The results of our study will inform payers attempting to understand the potential of mobile phone diabetes management technology. Payers have been reluctant to reimburse for mHealth visits, partly due to lack of evidence that mHealth interventions make a difference in utilization and related costs. Payers’ views are short term, not long term, because members may not be enrolled in their plan for the next insured year. The prevention or delay of complications require years. Therefore, a short-term outcome, such as change in HbA_1c as demonstrated in our primary study, as an indicator of prevention may be more appealing to payers than specific utilization effectiveness of an mHealth intervention.

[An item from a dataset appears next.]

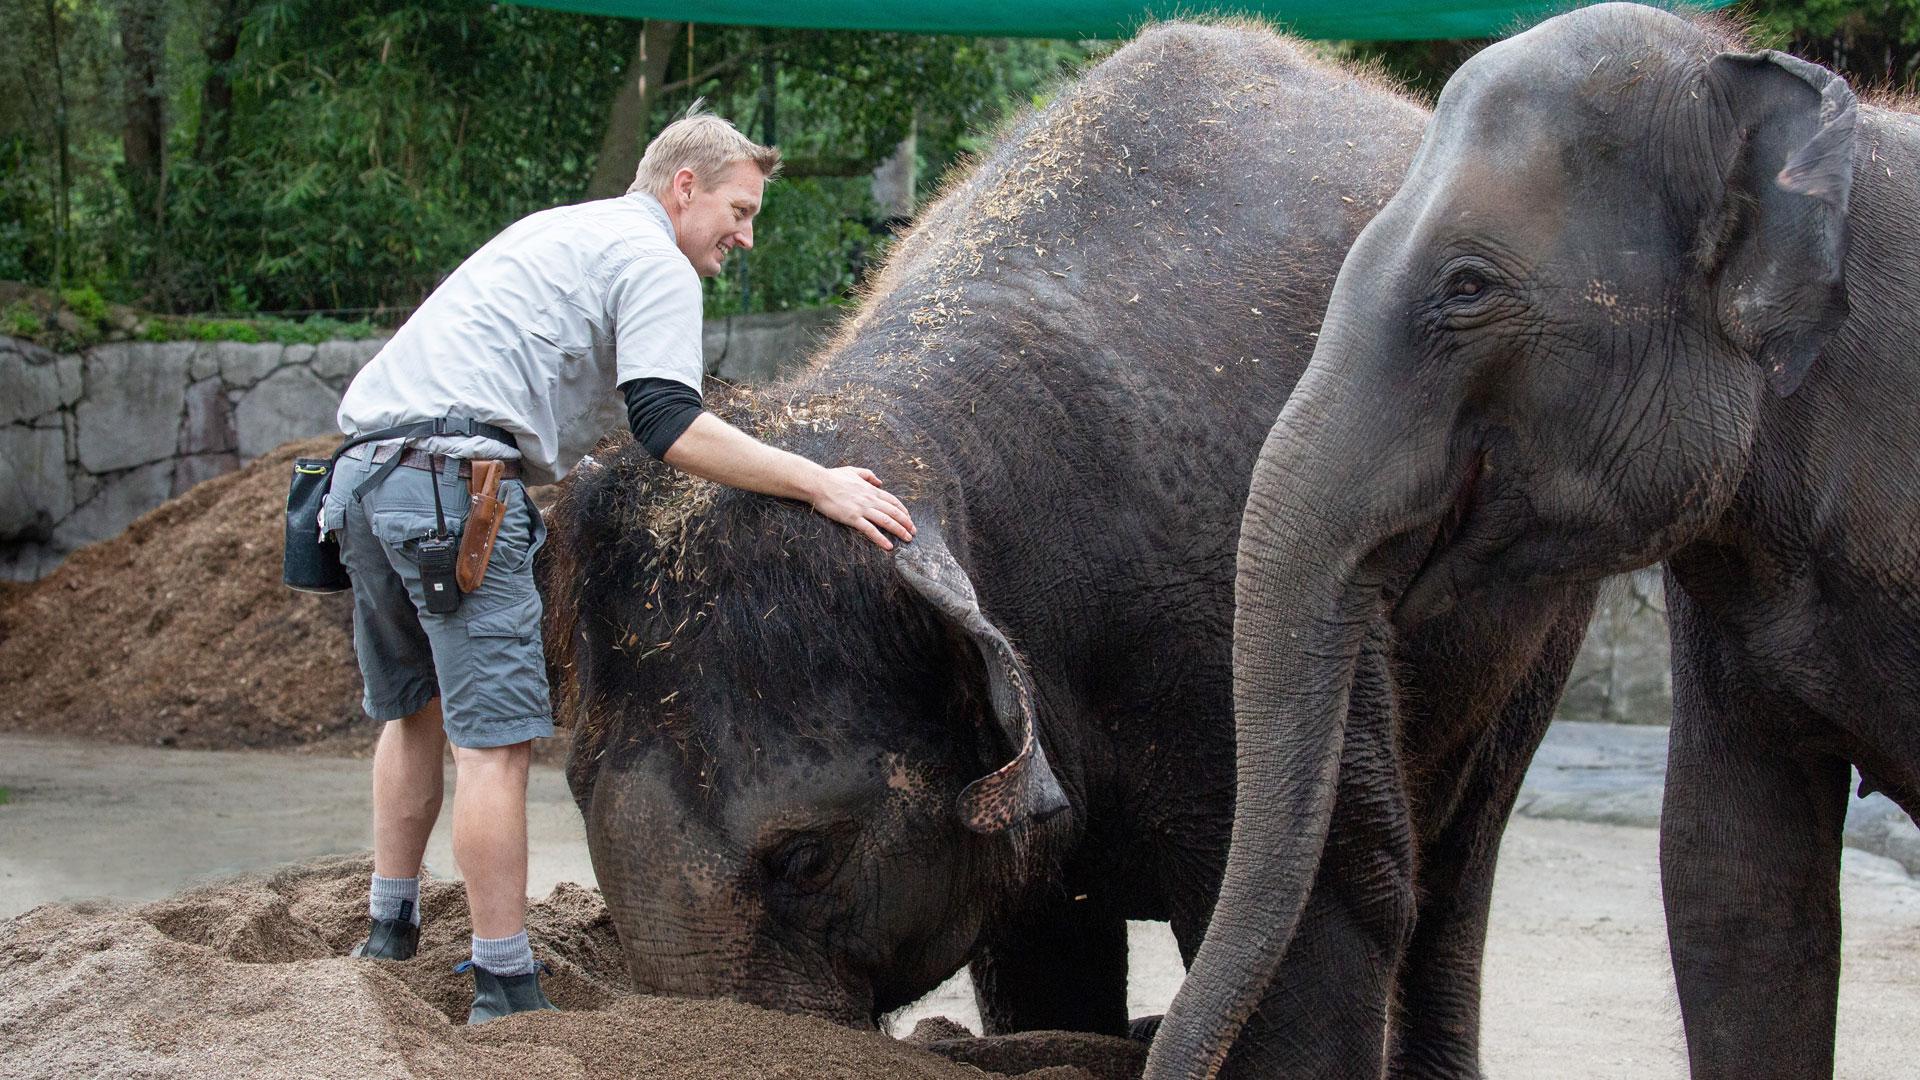 https://rfacdn.nz/zoo/assets/media/elephant-news-gallery-16.jpg

Payers are “experimenting” with health and wellness apps, but current reimbursement payments for mHealth care are largely limited to remote rural areas. Payers have a financial interest in minimizing their risk by actively promoting the health of their policyholders. However, most health care technologies are used in the current fee-for-service (FFS) model, including our evaluation [21]. In a FFS system in which there are only codes for medical devices and human to clinician visits, “there are few, if any, reimbursement codes that exist for frequent high-value patient touchpoints driven by technology rather than humans.” [22]. The potential benefits of mobile phone diabetes care from the perspective of payers may be driven by the transformation of the incentives from pay for service to pay-for-value or performance. Mobile phone diabetes management, such as our intervention focusing on behavioral change based on digital contacts between patients and providers that improves clinical outcomes and utilization metrics, is well-placed in a bundled payment model. The bundled payment model could include a per-patient amount for a bundle of services to be provided, preferably with payment based on agreed-upon clinical outcomes achieved by the mobile phone digital contacts, instead of an FFS payment system based solely on the number of office contacts.

Limitations

We advise caution in generalizing our findings. Participants in the study were insured by a single commercial insurer and may have experience with and access to resources including individual group practice guidelines, access to specialists, and variations in insurance plan coverage and coinsurance different from the rest of the population with T2D. We attempted to address these differences by enrolling multiple community physicians to participate in the study and randomization at the practice level with patient enrollment following physician randomization assignment. Administrative claims data may not adequately capture service utilization by persons with T2D. For example, diabetes is infrequently the primary diagnosis for emergency department visits or hospitalizations but is often an underlying condition (eg, to myocardial infarction). The analysis was unlikely to see more severe conditions requiring hospitalizations because of exclusion criteria and therefore unlikely to observe high utilizers where diabetes is severe and uncontrolled, (eg, gangrene or kidney failure), although 45% (41/92) of participants had HbA_1c>9% at enrollment. Improvements in utilization, both increases and decreases depending on the health service, may have occurred after the utilization analytic year. Some utilization was required of the study treatment (ie, visiting primary care provider and receiving prescription for HbA_1c tests).

Conclusion

Our program of studies [11,15,17,18,23], including the analysis reported here, demonstrates that a mobile phone diabetes technology achieved a clinically significant change in BG control and that important service utilization increased (pharmacy) or decreased (physician office visits). These findings may help persons with T2D diabetes engage with health service providers and participate in decisions to receive services, lab tests, and prescribed medications recommended by treatment guidelines.